Deriving space groups, such as P21/a, involves identifying all symmetry elements, including glide planes, screw axes, and mirror planes, and assembling them into a consistent group that describes the entire crystal lattice. This process is crucial for understanding the symmetry classifications of real materials like zirconium dioxide (ZrO2), where accurate atom positioning and symmetry operation application lead to precise structural descriptions. Calculating interatomic distances within the unit cell assists in understanding bonding environments and lattice stability. Counting the number of atoms and their coordinates aids in comprehensive structural characterization.

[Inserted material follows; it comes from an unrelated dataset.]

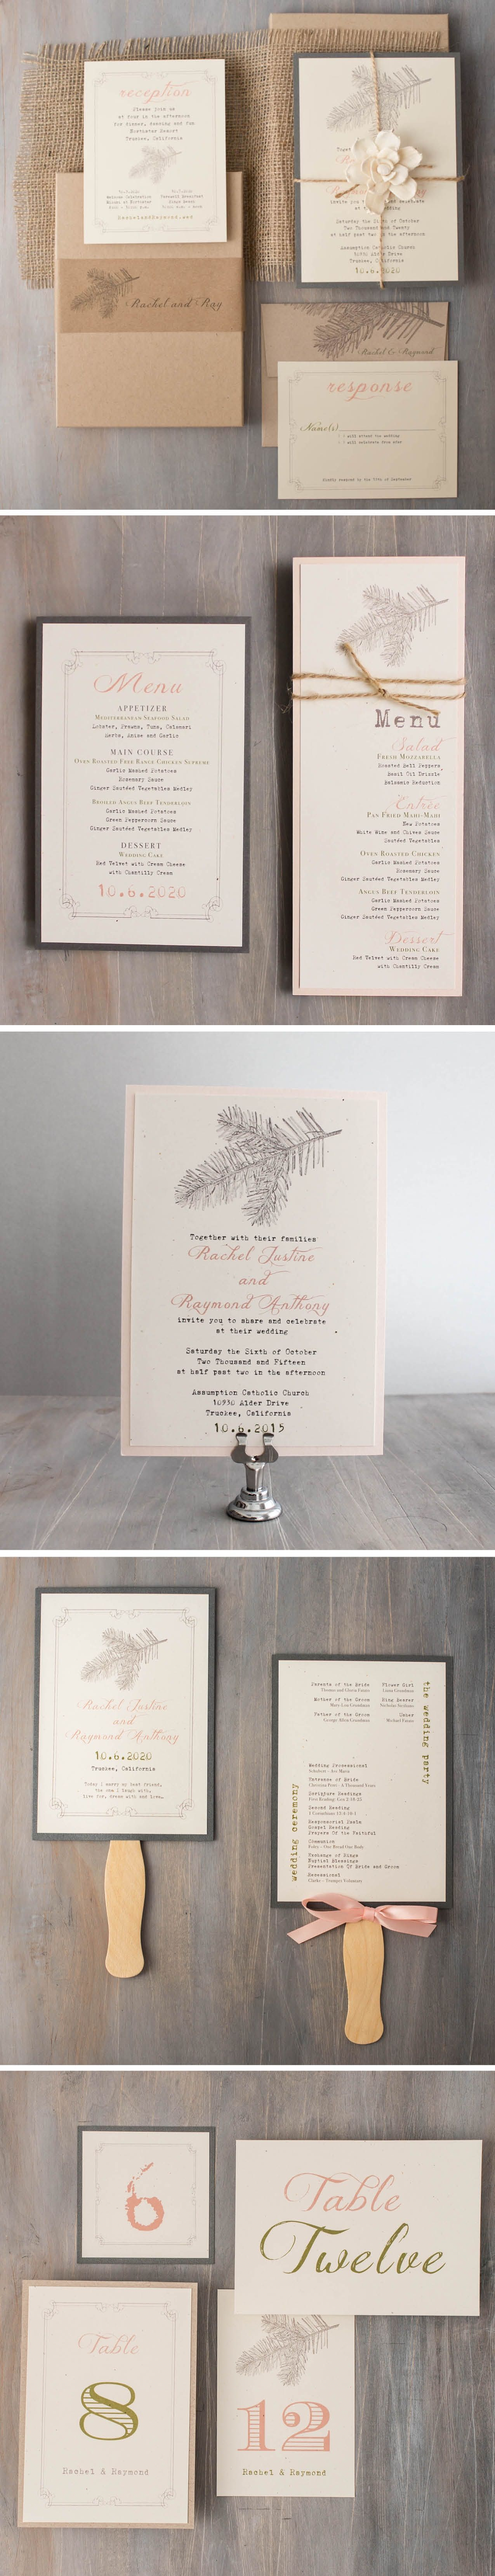 birdcage wedding invitation template%0A Rustic inspired blush  taupe  u     moss green wedding invitations    Customizable   Beacon Lane
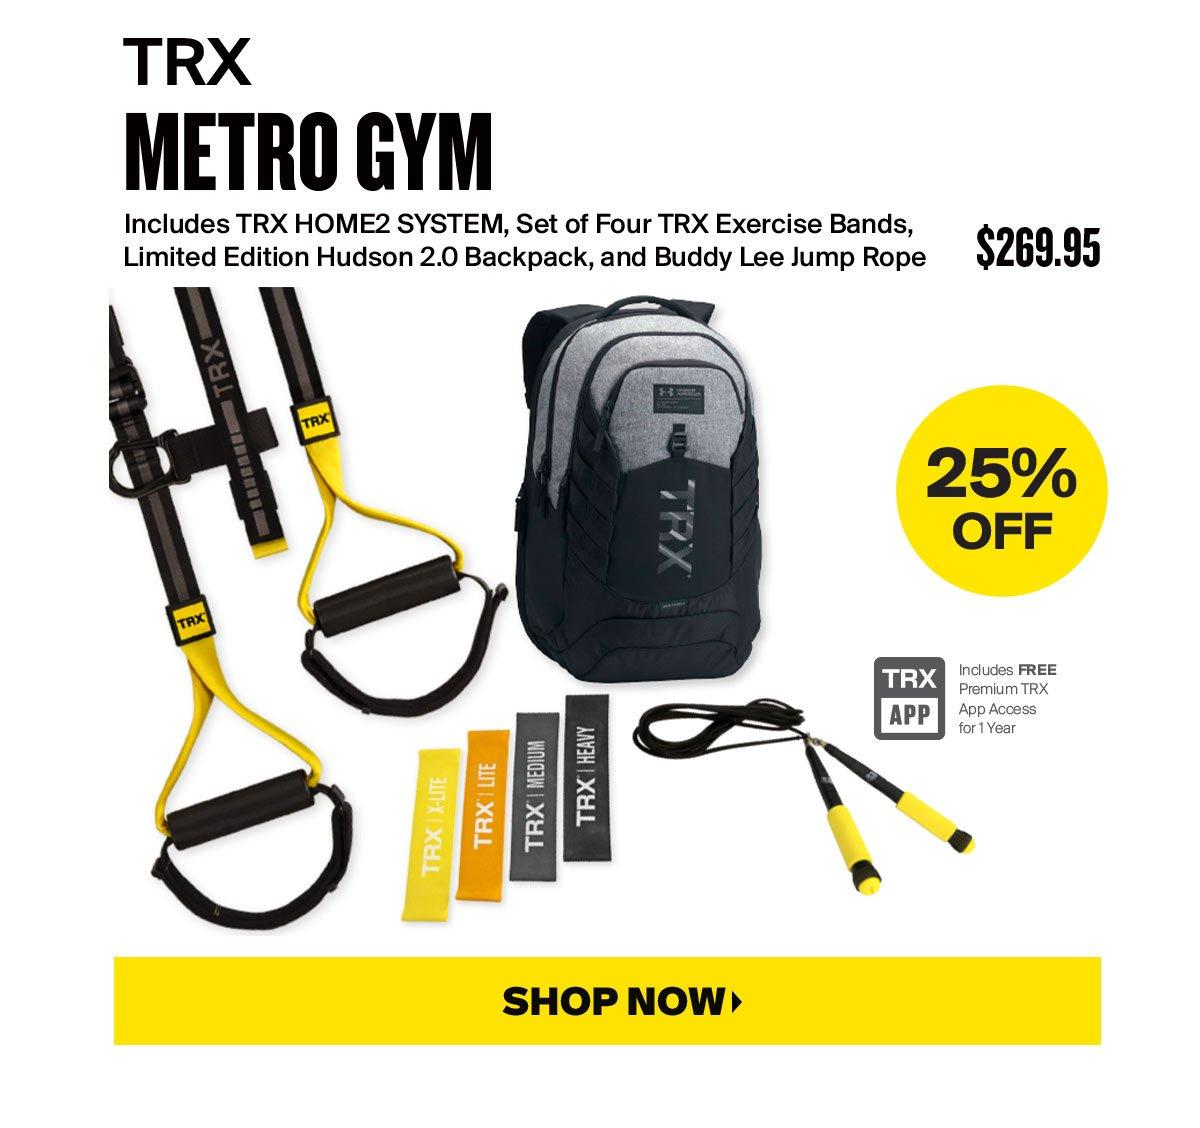 25% OFF TRX METRO GYM | $269.95 | SHOP NOW >

Analyzing published crystal structures, such as those crystallized in space group P63/mmc, provides insight into how space group symmetry influences material properties. Extracting structural data from scientific papers and understanding the symmetry operations along each crystal axis deepen one's grasp of the relationship between macroscopic properties and microscopic symmetry. The identification of point groups associated with these space groups is fundamental in crystallography, as these groups determine optical activity, birefringence, and other physical characteristics.
Overall, this assignment emphasizes the importance of symmetry in crystallography, fostering skills in mathematical operation, structural interpretation, and literature review. These competencies are essential for advanced research in materials science, solid-state chemistry, and condensed matter physics, where understanding crystal symmetry is pivotal for tailoring material properties for specific applications.
References
- International Tables for Crystallography. (2016). Space Group Data. Wiley.
- Buerger, M. J. (1954). Modern Crystal Physics. McGraw-Hill.
- Wilson, A. J. C., & Ladd, R. D. (1984). Crystal Structure Analysis. Clarendon Press.
- Hahn, T. (Ed.). (2002). International Tables for Crystallography, Volume A: Space-Group Symmetry. Springer.
- Burns, G., & Glazer, A. M. (2013). Space Group Symmetry in Crystallography. Academic Press.
- Fedorov, E. (1891). The Theory of Symmetry in Crystallography. Russian Mathematical Journal.
- Palatinus, L., & Chapuis, G. (2007). SHELXL: Visualizing and refining crystal structures. Journal of Applied Crystallography.
- McMahon, D. P. (2010). Symmetry in Chemistry. Oxford University Press.
- Voronoi, G. F. (1908). Nouvelles applications des paramètres continus à la théorie des polygones et des polyèdres. Annales de la Société scientifique de Bruxelles.
- Ghedira, K., & Elhssaini, M. (2018). Structural analysis of zirconium oxide polymorphs. Crystallography Reports, 63(4), 557-564.